## Task to complete
Your copy should match the listing word for word, apart from the pictures, which are left out.

## Information shown

------------------------------------------------

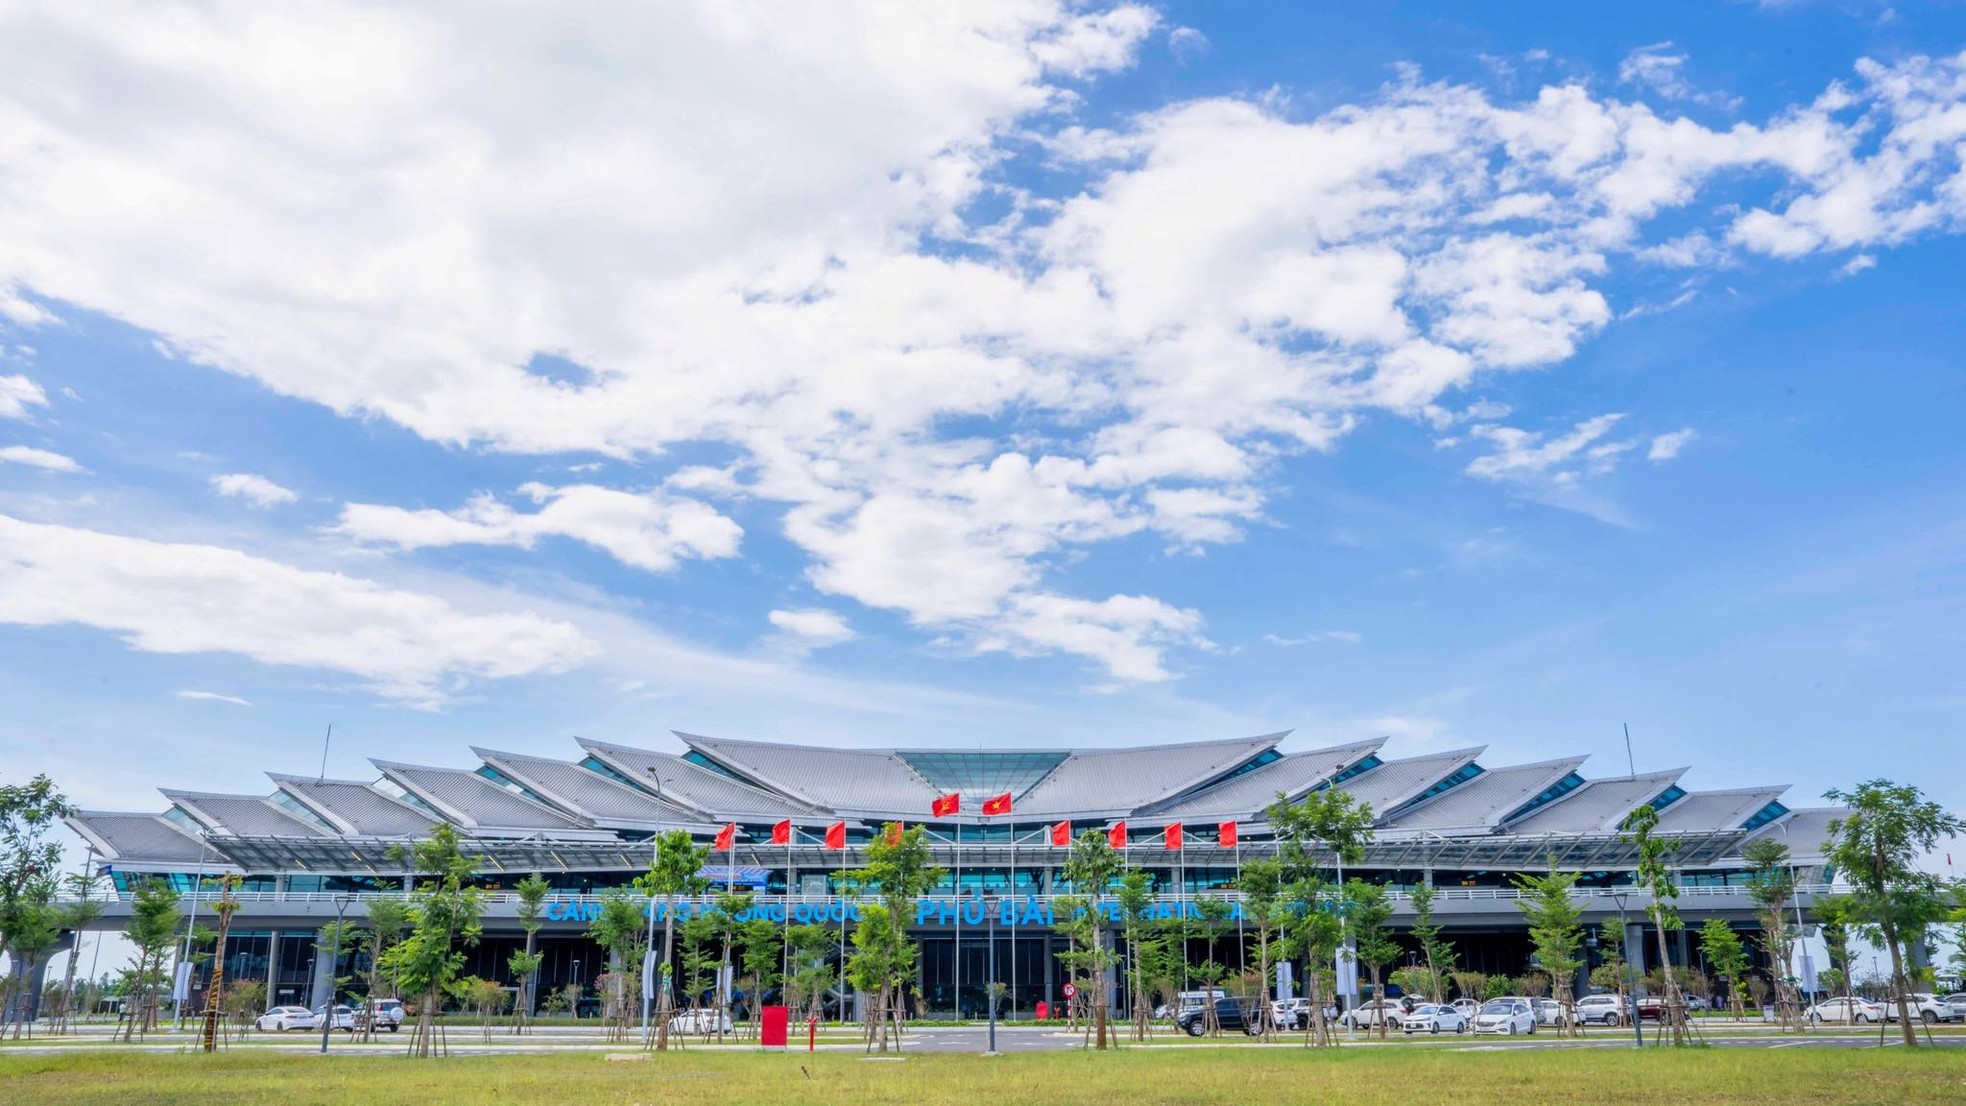 Ấn tượng hình ảnh kiến trúc sân bay 'độc nhất vô nhị' ở Việt Nam - Ảnh 1.
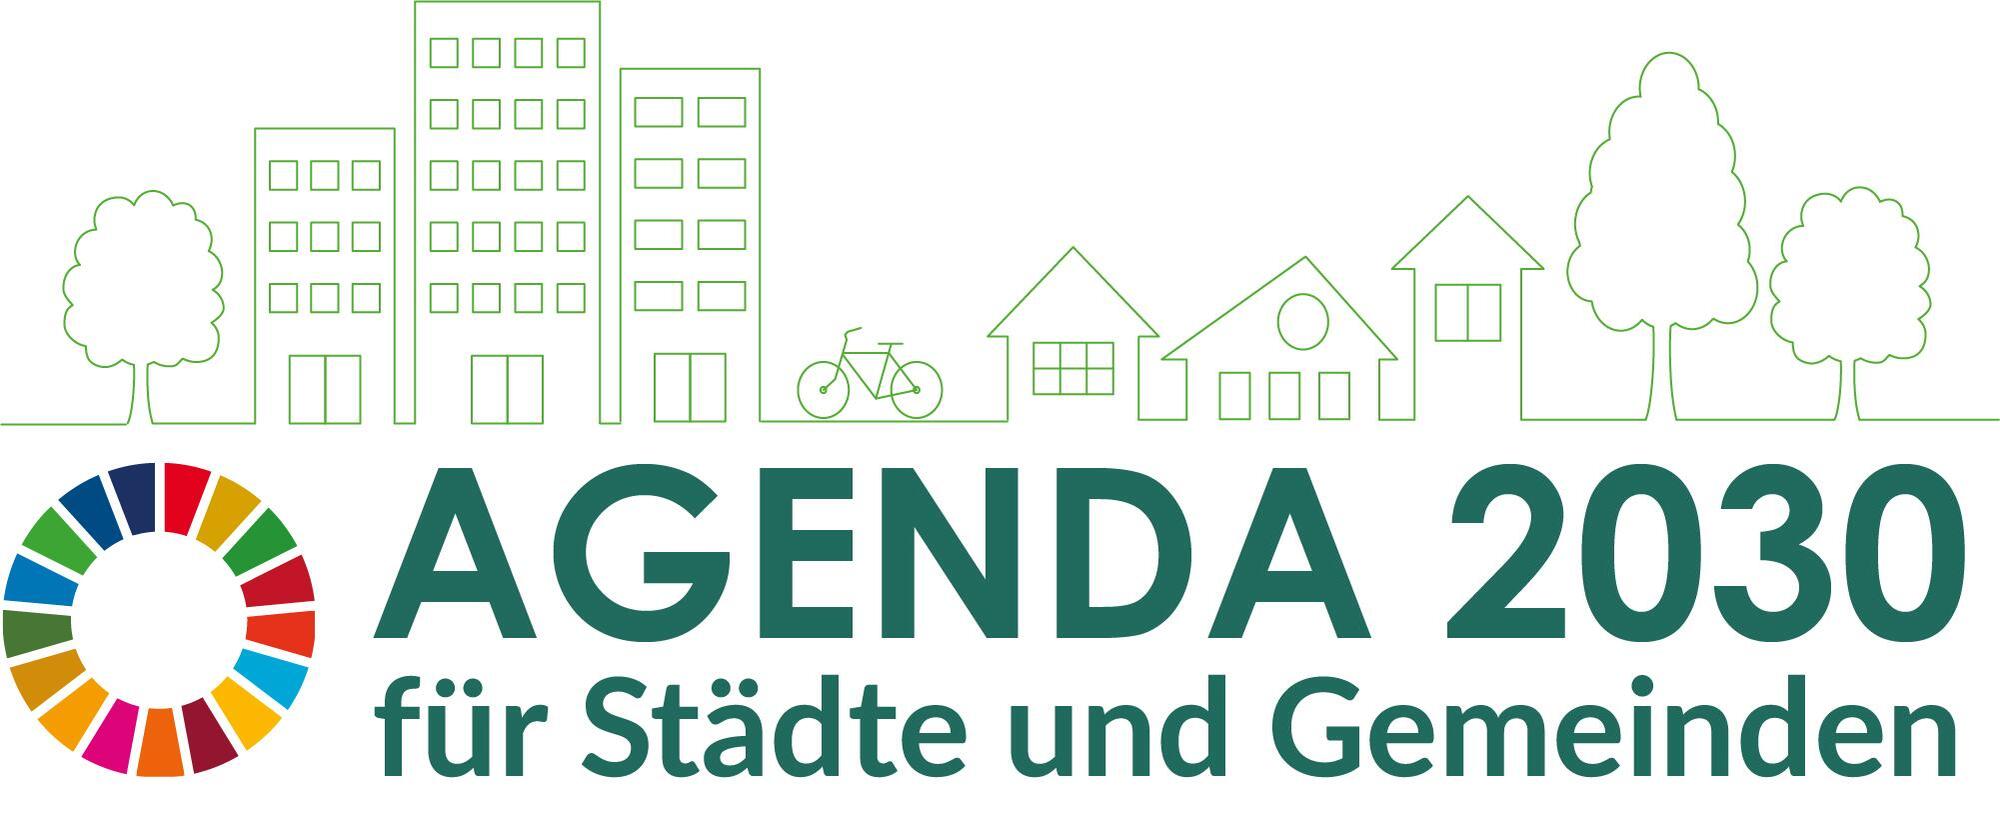 Das Logo der Agenda 2030 Tagung. 
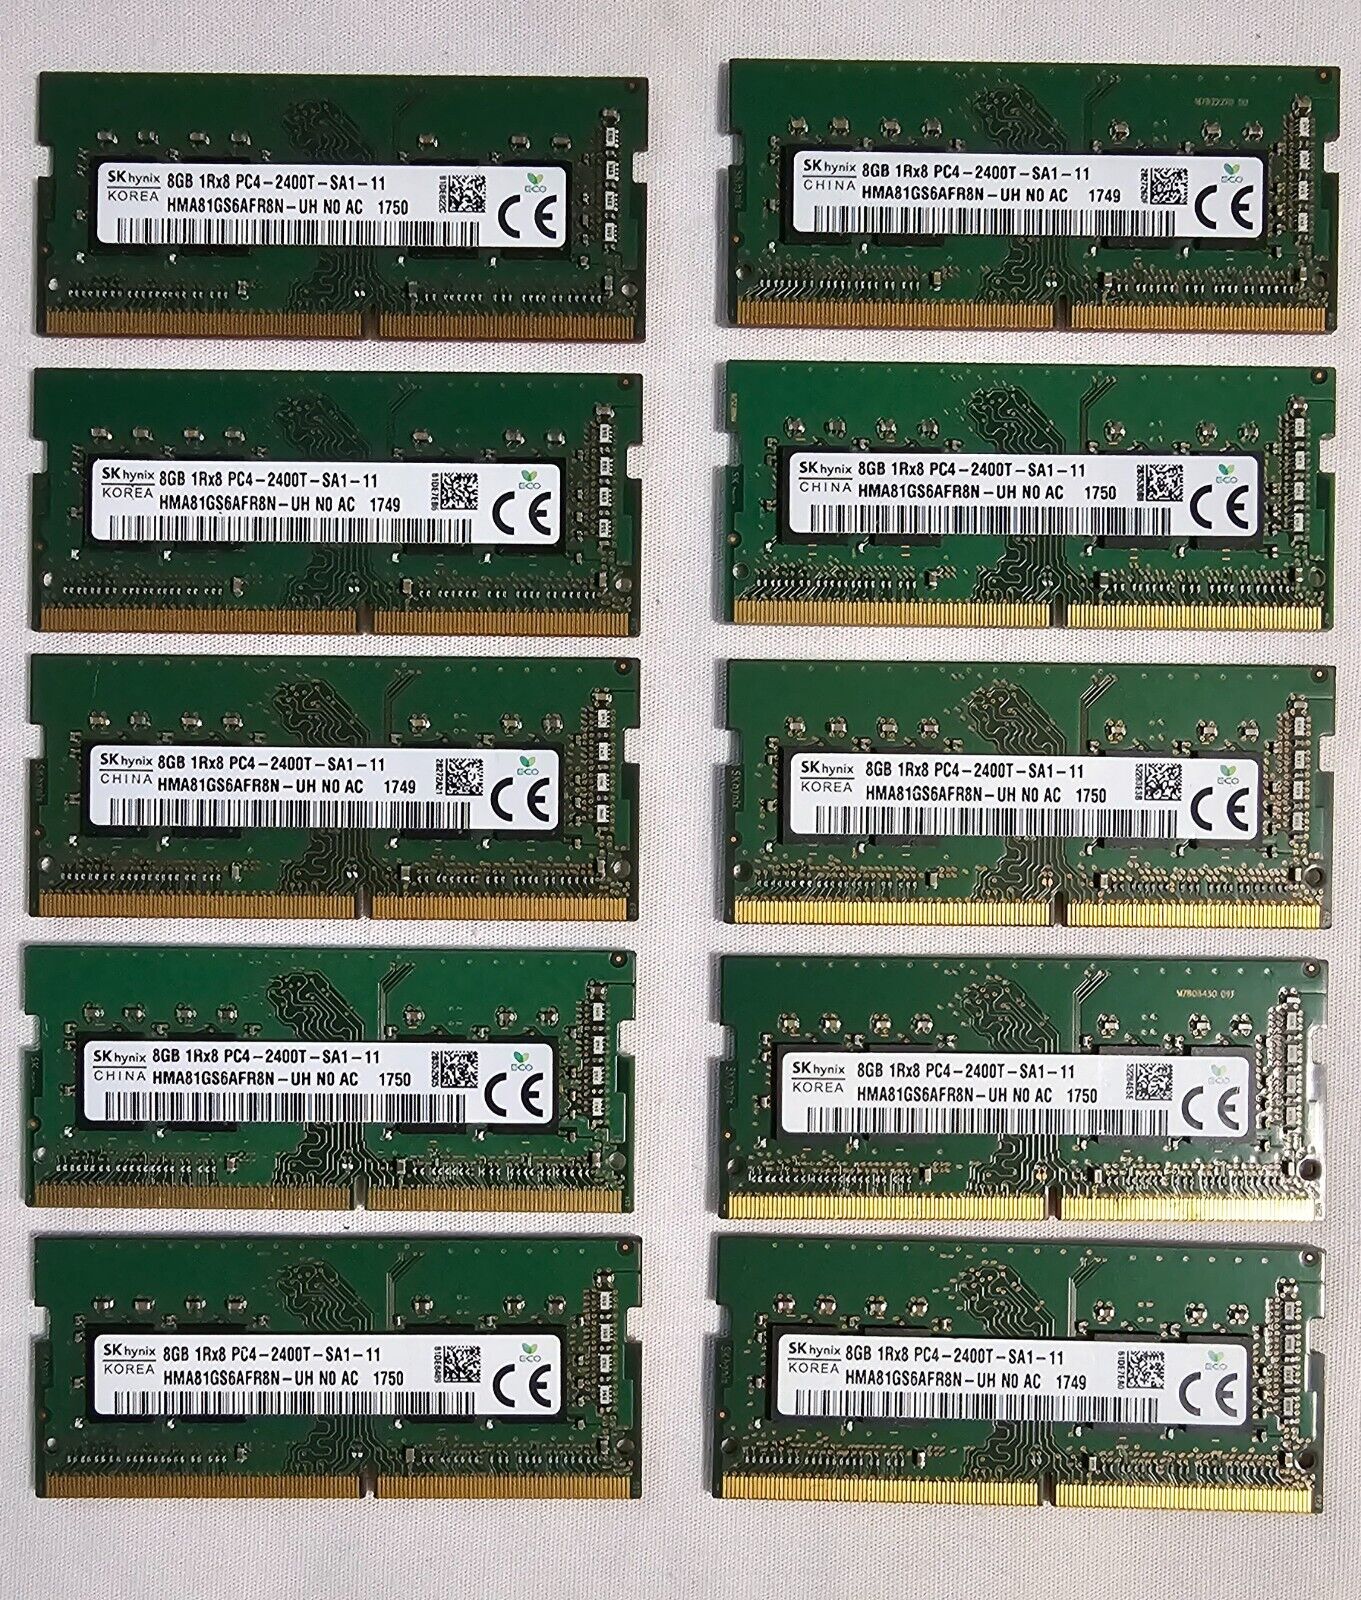 Bundle of Ten (10x) SK Hynix 8GB 1Rx8 PC4-2400T-SA1-11 - DDR4 SODIMM Memory RAM
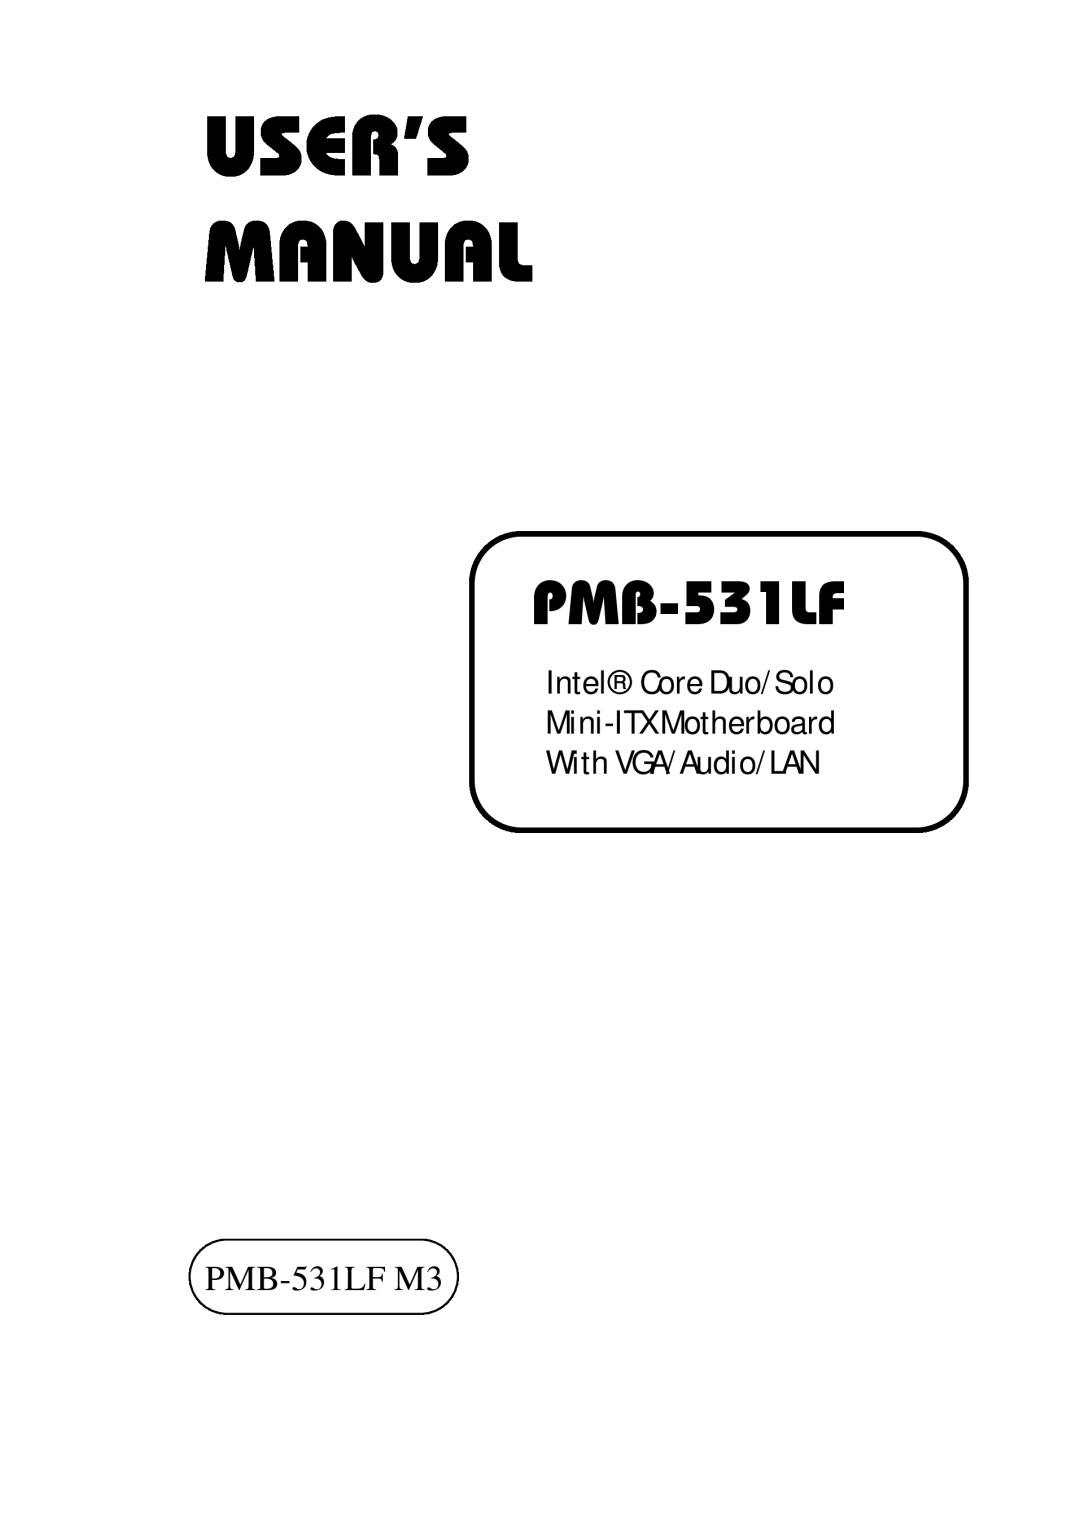 Intel user manual PMB-531LFM3, Intel Core Duo/Solo Mini-ITXMotherboard, With VGA/Audio/LAN

------------------------------------------------

## Output for this task
 Ấn tượng hình ảnh kiến trúc sân bay 'độc nhất vô nhị' ở Việt Nam - Ảnh 1.
 Das Logo der Agenda 2030 Tagung. 
 Bundle of Ten (10x) SK Hynix 8GB 1Rx8 PC4-2400T-SA1-11 - DDR4 SODIMM Memory RAM
 Intel user manual PMB-531LFM3, Intel Core Duo/Solo Mini-ITXMotherboard, With VGA/Audio/LAN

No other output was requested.